3. In right-angled trapezoidal ABCD, if AD//BC, angle ABC=90 degrees, AD:BC= 1:4, BD: AC = _ _ _ _ _ _.
13. It is known that the upper base length of a trapezoid is 2, the lower base length is 5, and one waist length is 4, so the range of the other waist length is _ _.

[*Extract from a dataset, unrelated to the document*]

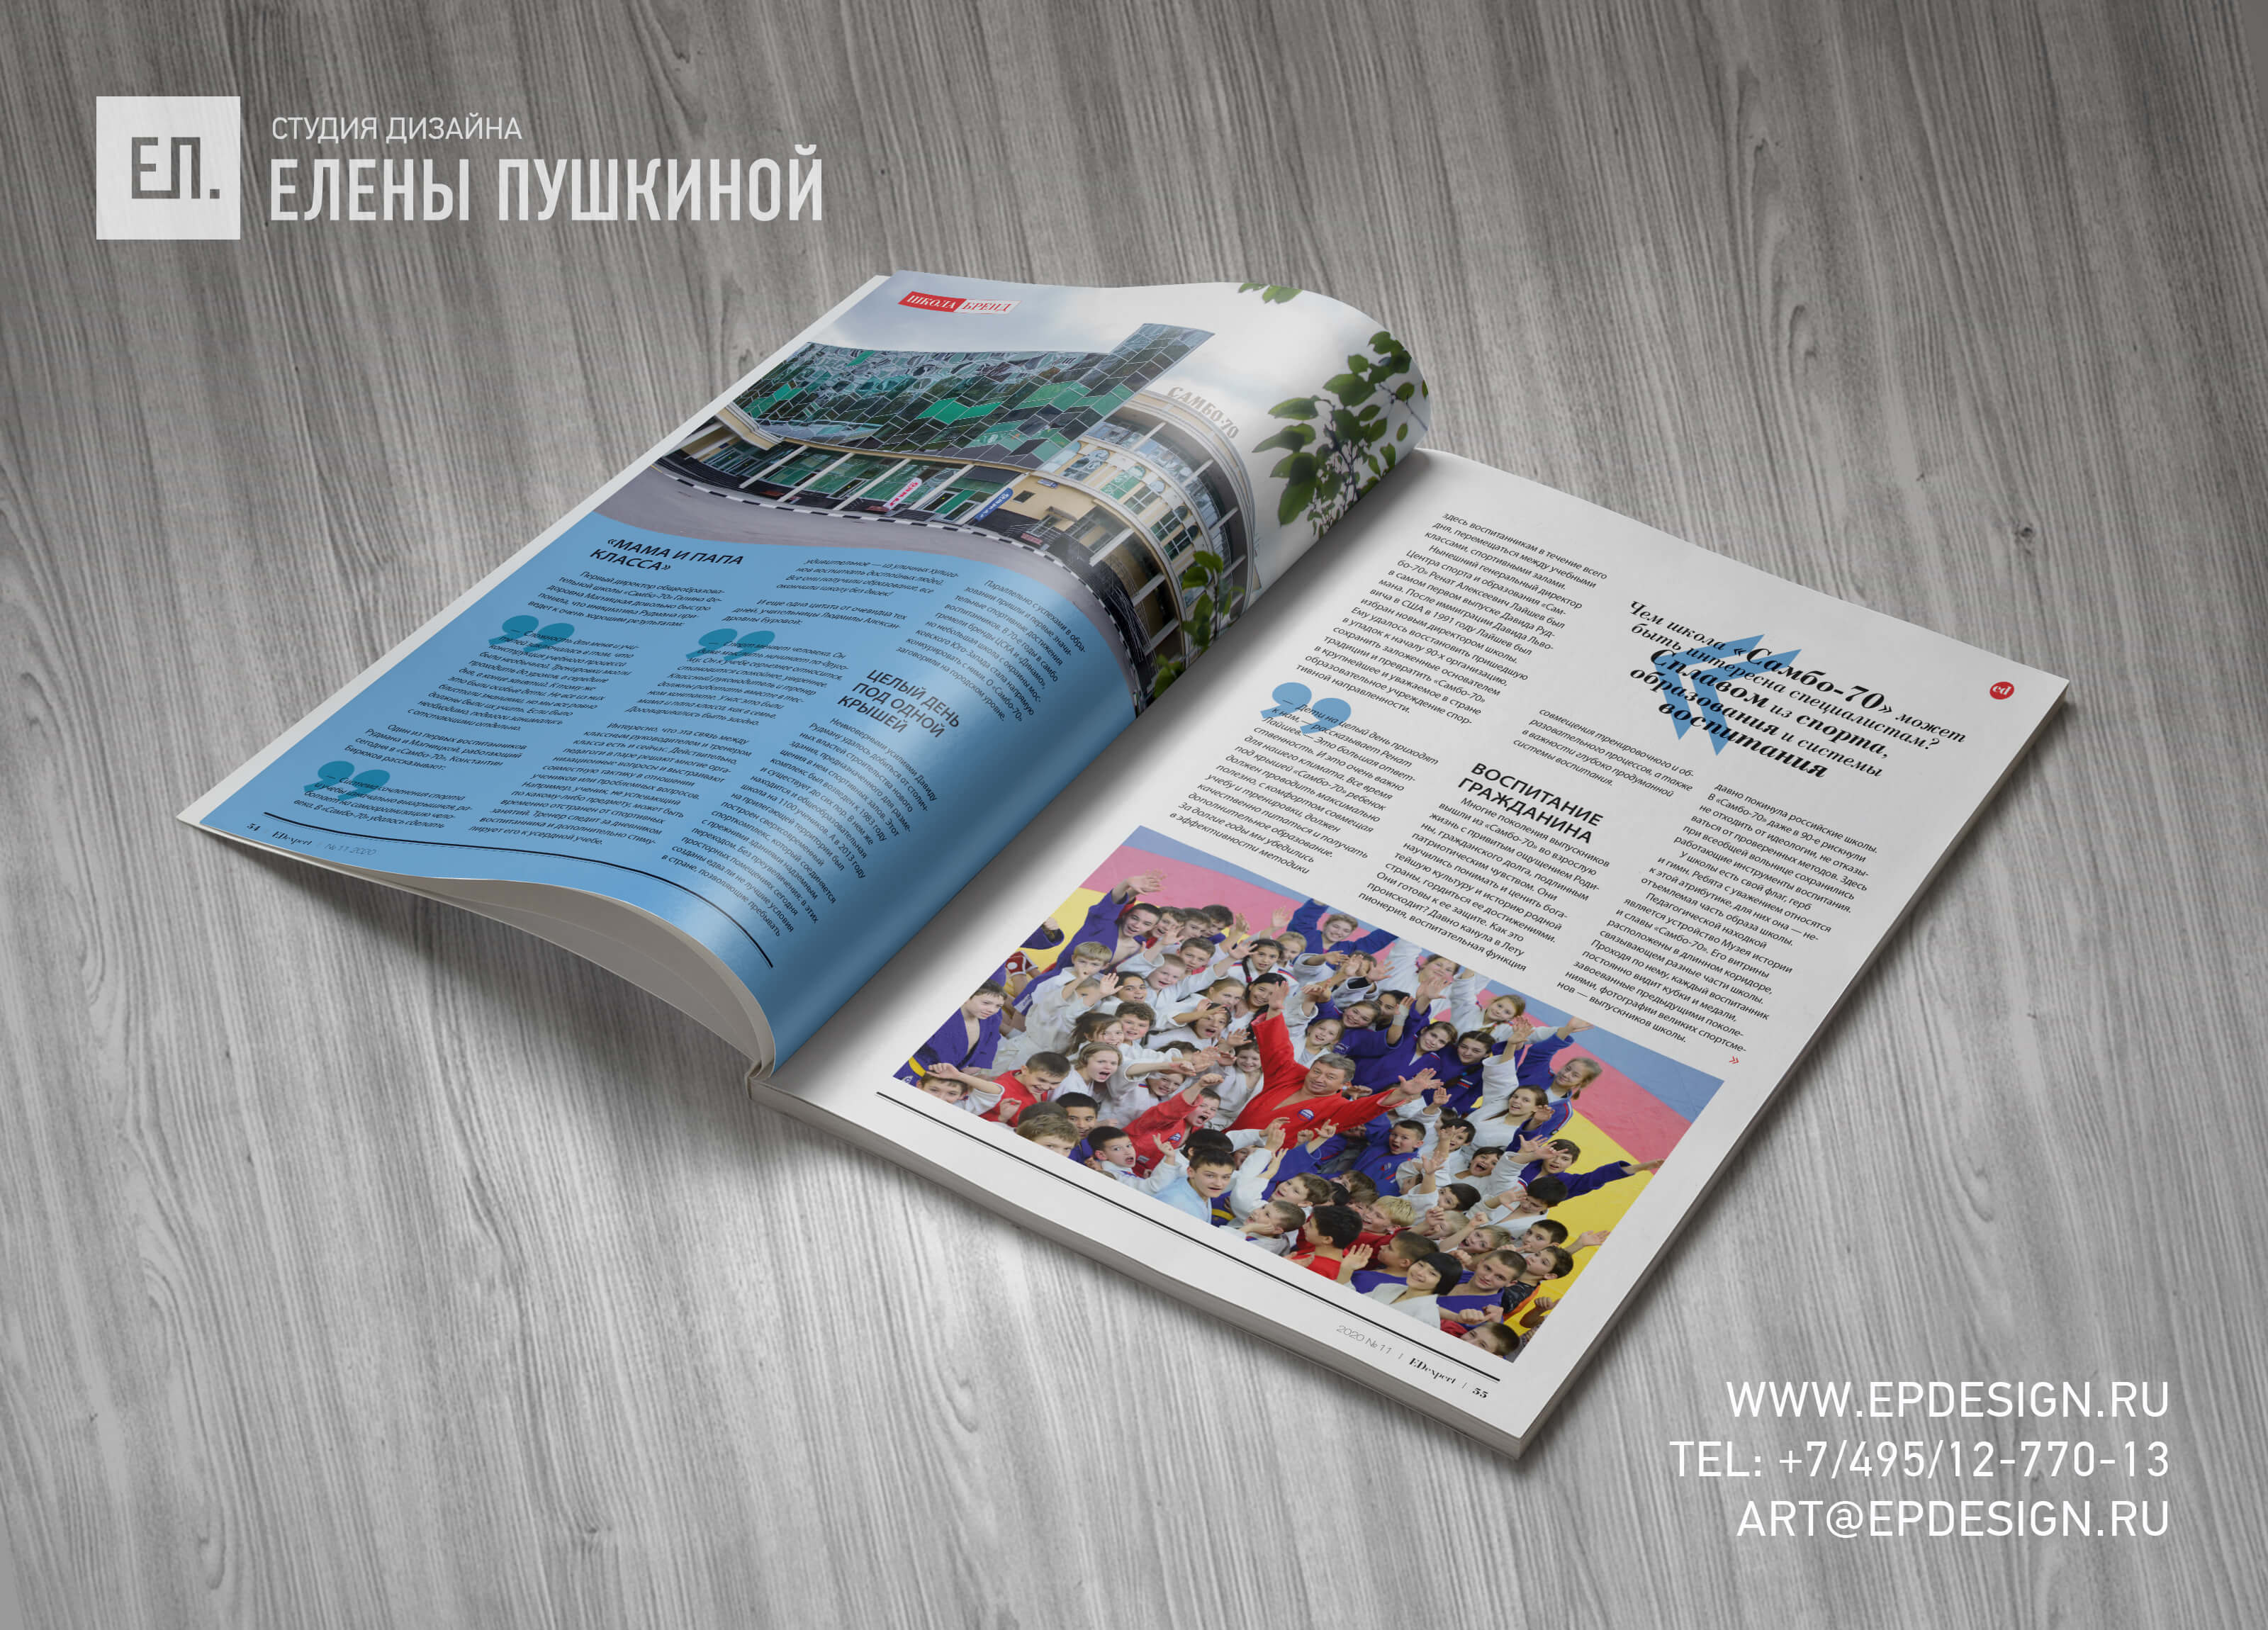 Журнал «EDexpert» №11 апрель 2020 — разработка с «нуля» логотипа, обложки, макета и вёрстка журнала Разработка журналов Портфолио

It is known that A, B and C are three sides of a triangle, and the square of (a+b+c) is equal to 3 (A +b +c). Prove that this triangle is an equilateral triangle.
Answer: 60
If you do two heights, you can get a rectangle. The bottom is divided into three parts: 1, 1, 1. A right triangle with the waist as the hypotenuse has a cotangent of 2, so the base angle is 60.
In the right-angled trapezoidal ABCD, AD//BC, angle ABC=90 degrees, AD:BC= 1:4, then BD:AC= 1:2.
Solution: in trapezoidal ABCD, AD‖BC, and ∠ A = 90, AD = 1, BC = 4,
Derived from Pythagorean theorem
AB^2=BD^2-AD^2=AC^2-BC^2
That is, AC 2-BD 2 = BC 2-AD 2 =16-1=15 (1).
If the extension line of DE‖AC intersects BC at E, ACED is a parallelogram, CE=AD= 1, DE=AC,
BE=BC+CE=4+ 1=5
AC⊥BD,∠BDE=90
From Pythagorean Theorem
DE^2+BD^2=BE^2
That is, AC 2+BD 2 = 5 2 = 25 (2)
For (1)+(2), 2ac 2 = 40.
AC^2=20,BD^2=5
AC^2:BD^2=20:5=4: 1
AC:BD=2: 1
13. It is known that the upper base length of a trapezoid is 2, the lower base length is 5, and one waist length is 4, so the range of the other waist length is _ _.
1 & lt; M< seven
When the waist is known to translate to the other end of the upper sole, the part of the lower sole that is longer than the lower sole is 5-2 = 3, which forms a triangle with this waist 4 and waist M, so: 4-3.
Namely: 1
(a+b+c)^2
=a^2+b^2+c^2+2ab+2bc+2ca
=3(a^2+b^2+c^2)
The arrangement (a-b) 2+(b-c) 2+(c-a) 2 = 0.
So a=b=c, so it is an equilateral triangle.